# Snow Plowing Taxable in PA?



## LTL (Jan 13, 2008)

I have always charged sales tax, but a customer said snow plowing is not taxable in PA. PA is a nightmare trying to figure out tax for mowing and landscaping, I wouldn't be surprised if snow plowing is just as confusing.


----------



## LTL (Jan 13, 2008)

Anyone one?


----------



## Tediesel (Dec 8, 2003)

From everything I've read and tried to decipher from the pa code (what a joke) it is not taxable.


----------



## Brian Young (Aug 13, 2005)

NO it is not taxable. Also, rock salt is taxable however, salt brine is not. I have a list of every service for landscaping that is and isnt taxable if you need it. It is a gigantic PITA!


----------



## GreenManEnvy (Nov 7, 2007)

Brian Young;684492 said:


> I have a list of every service for landscaping that is and isnt taxable if you need it. It is a gigantic PITA!

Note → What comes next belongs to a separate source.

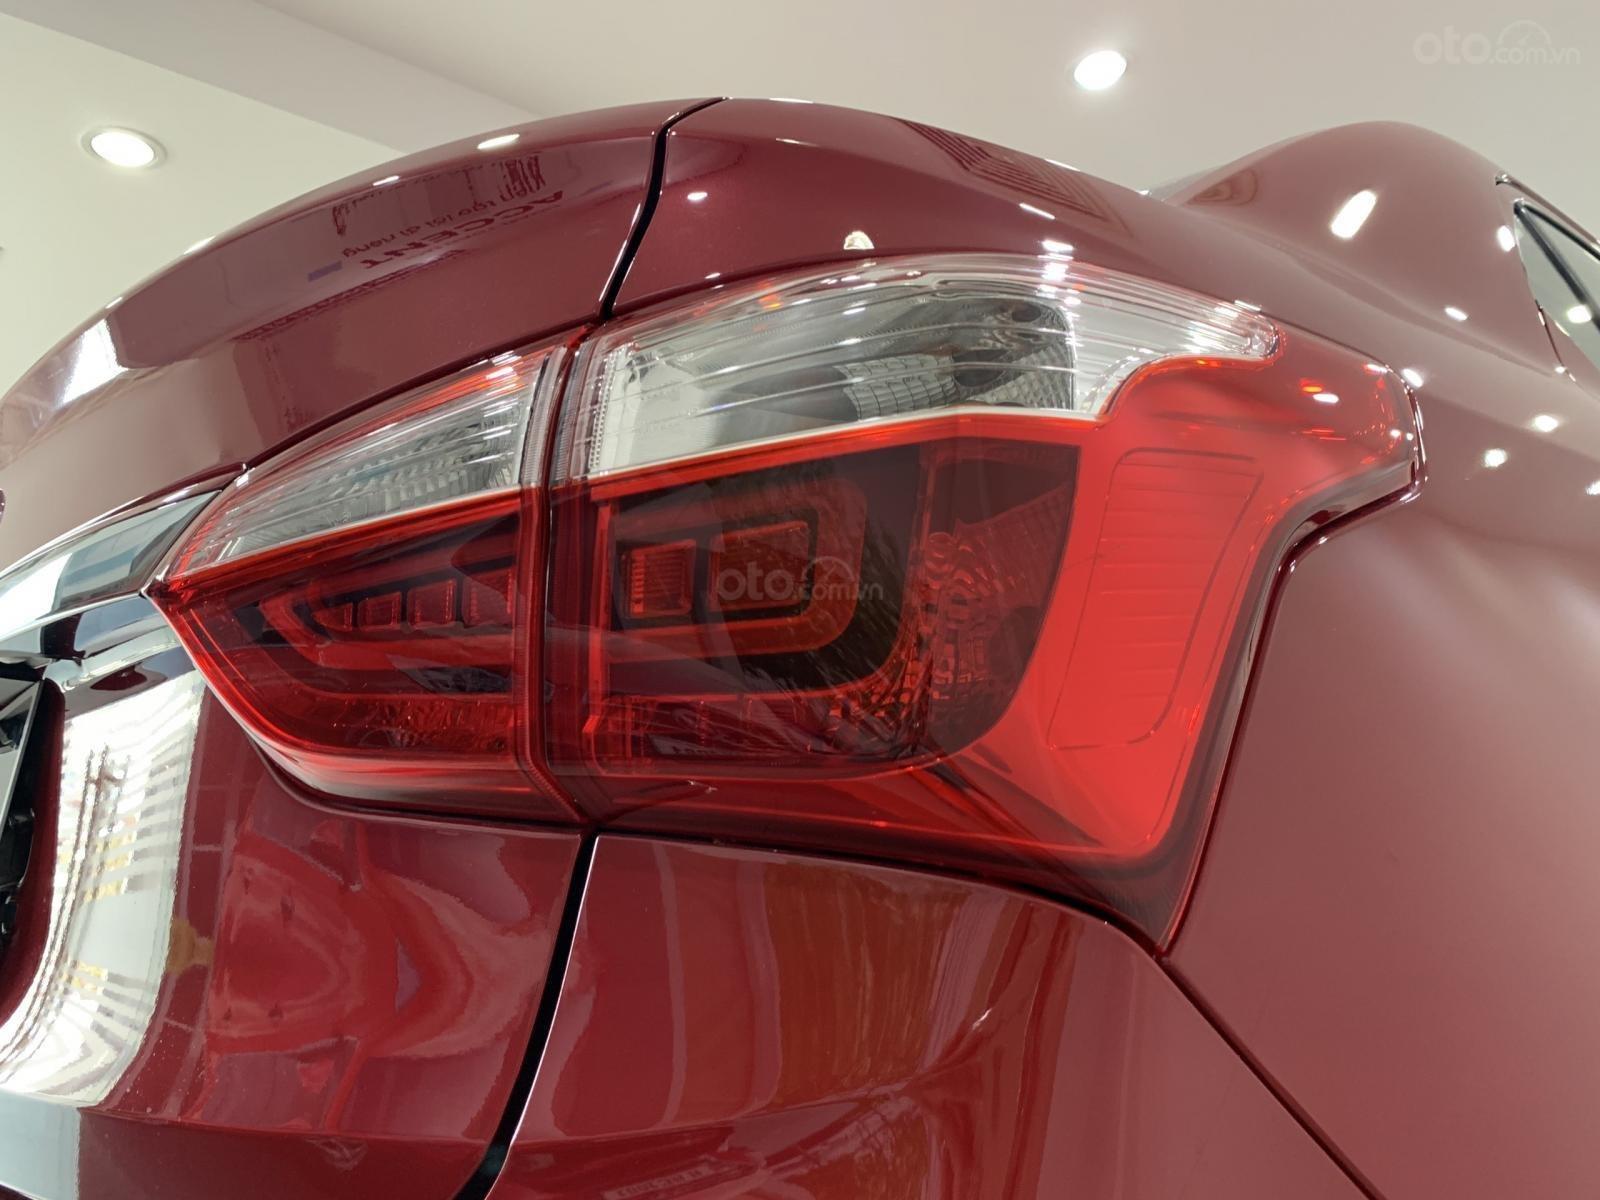 Bán Hyundai Grand I10 Sedan MT đỏ giao ngay, hỗ trợ đăng kí Grab, lấy xe chỉ với 130tr, LH 0977139312 (5)

I'd like a copy of that list, make sure I've been doing things right!


----------



## Ramairfreak98ss (Aug 17, 2005)

damn thats weird... i know we always charge it in NJ... its a service here just like sale of goods, product, labor etc. 7% on top of every invoice,


----------



## Winterized (Mar 3, 2007)

No sales tax on snow removal in Wisconsin.

I just checked before sending out bills this month.


----------